Hoffman: Well, the last time I checked, there are at least 20 or 30,000 articles that support the benefits of fish oil for one or another health problem. So when some group like the Cochrane Collaborative comes out and says fish oil is worthless, I think it's a conclusion that ignores the vast amount of evidence that supports the benefits of fish oil.
So, it's not binary. I think that we can't overhype or overestimate the universal benefits of fish oil supplementation. And there are appropriate cautions when we look at some of these big studies. But still, I'm generally supportive of especially targeted use of omega-3 for specific conditions.
Gazella: So now let's dig into some practical aspects. If a patient can't get the omega-3s that they need from diet alone, what dosage or ratio of these fats are typically recommended as a dietary supplement?
Hoffman: Well again, it depends. So for example, for cardiovascular, I'm thinking if people have serious cardiovascular problems, they need higher doses. So that comes to us for the REDUCE-IT study that used 4,000 of EPA, pure EPA to reduce cardiovascular risk. So it kind of depends on what you're dealing with. To lower triglycerides, for example, you need pretty high doses, not just a pill a day, or even 2 pills a day. But for general supplementation, I suggest one of the potent formulations of omega-3 that delivers a high percentage of EPA-DHA per capsule. The 1,000 milligram capsules, not the little teensy tiny capsules, 1 capsule, twice daily for general prevention.

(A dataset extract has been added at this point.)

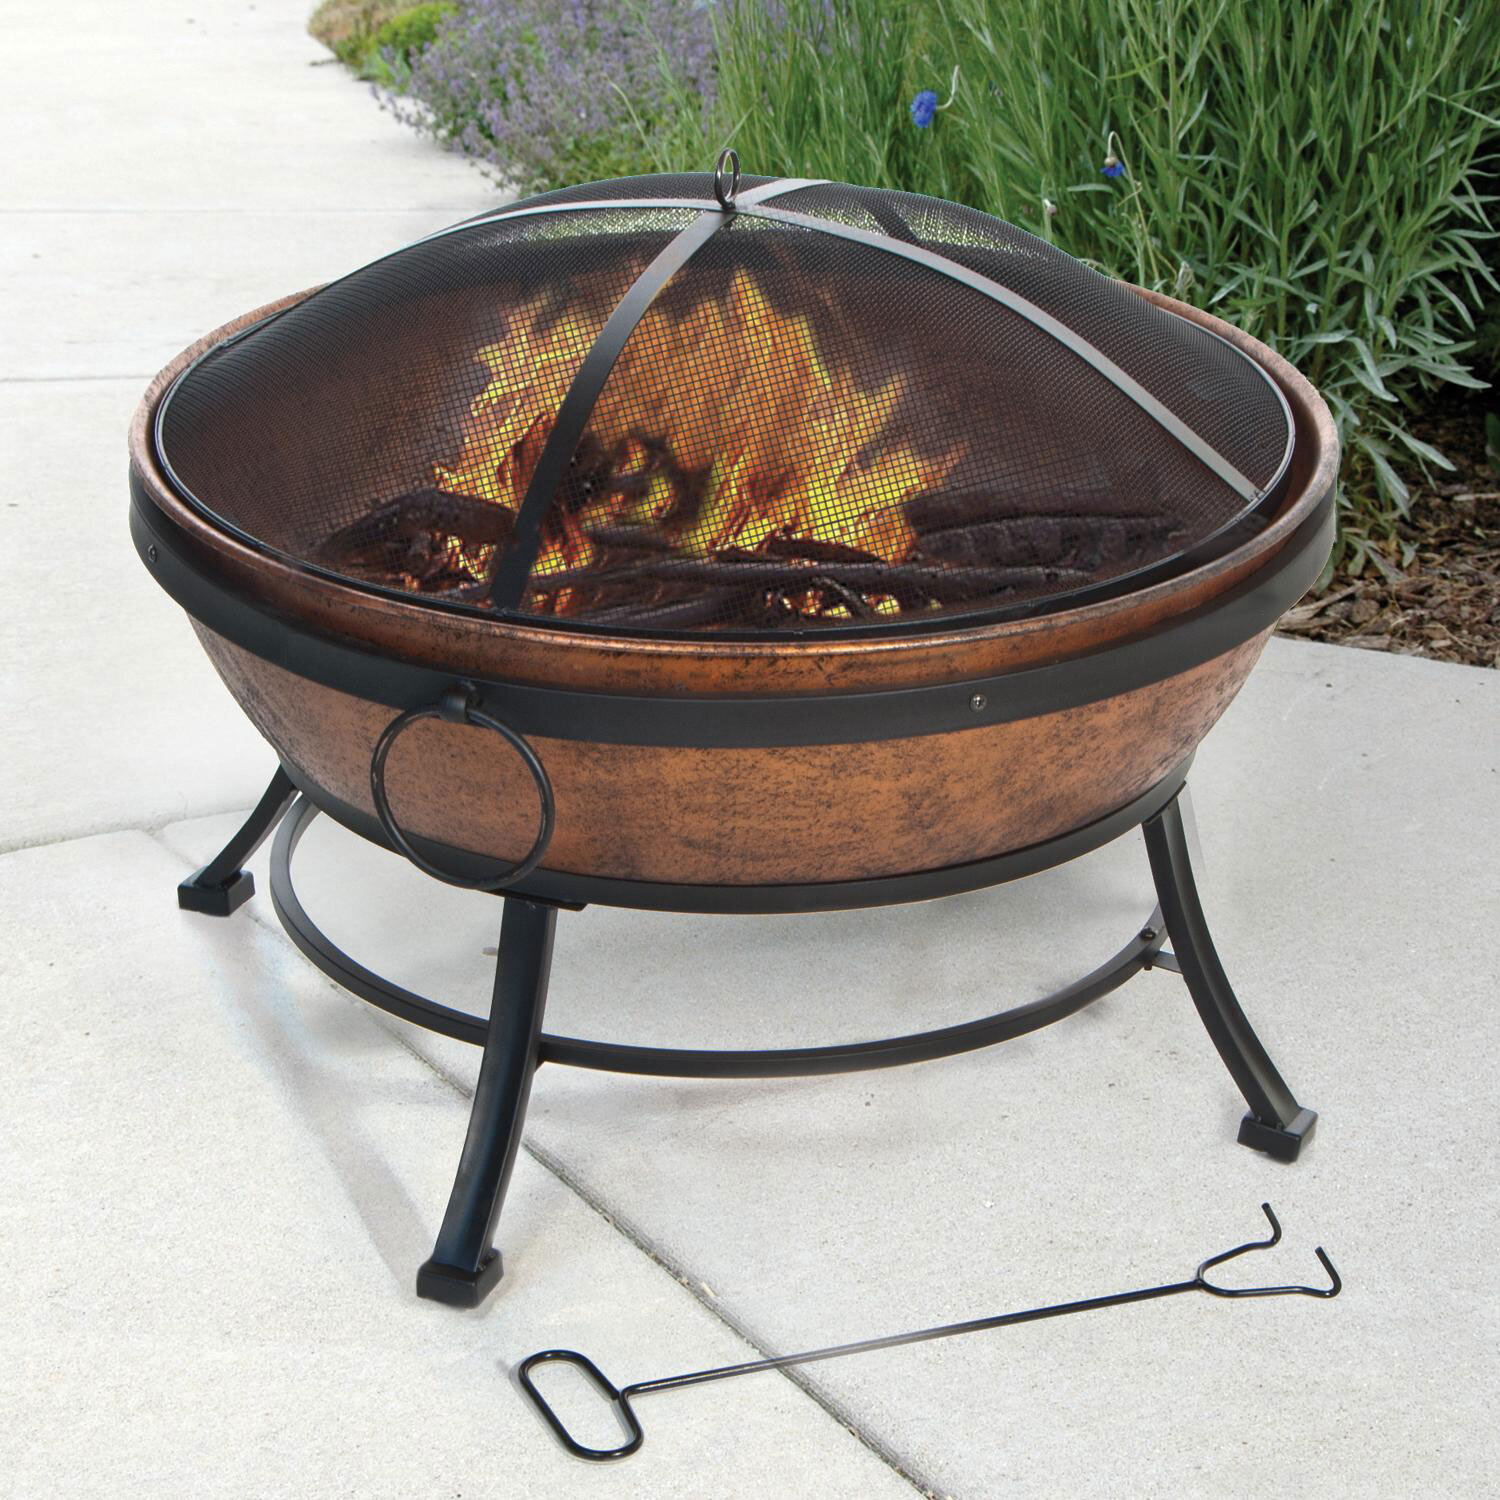 Round Wood-Burning Fire Bowl for Outdoor Use with Spark Screen and  Accessories - China Portable Fire Pit, Portable Fire Pit Stand

Gazella: So that's 1,000 milligrams twice daily for general. And then what's the upper dose for somebody who may be having cardiovascular issues? Did you say 4,000?
Hoffman: I would say 4,000 for somebody with cardiovascular issues. Now what we have to be a little careful because some people have bleeding tendencies, or who are on blood thinners. And I notice it's very individual because some people taking high doses of fish oil have no problem whatsoever. Others have more easy bruising, or some signs, nosebleeds, that suggest that that is thinning the blood inordinately.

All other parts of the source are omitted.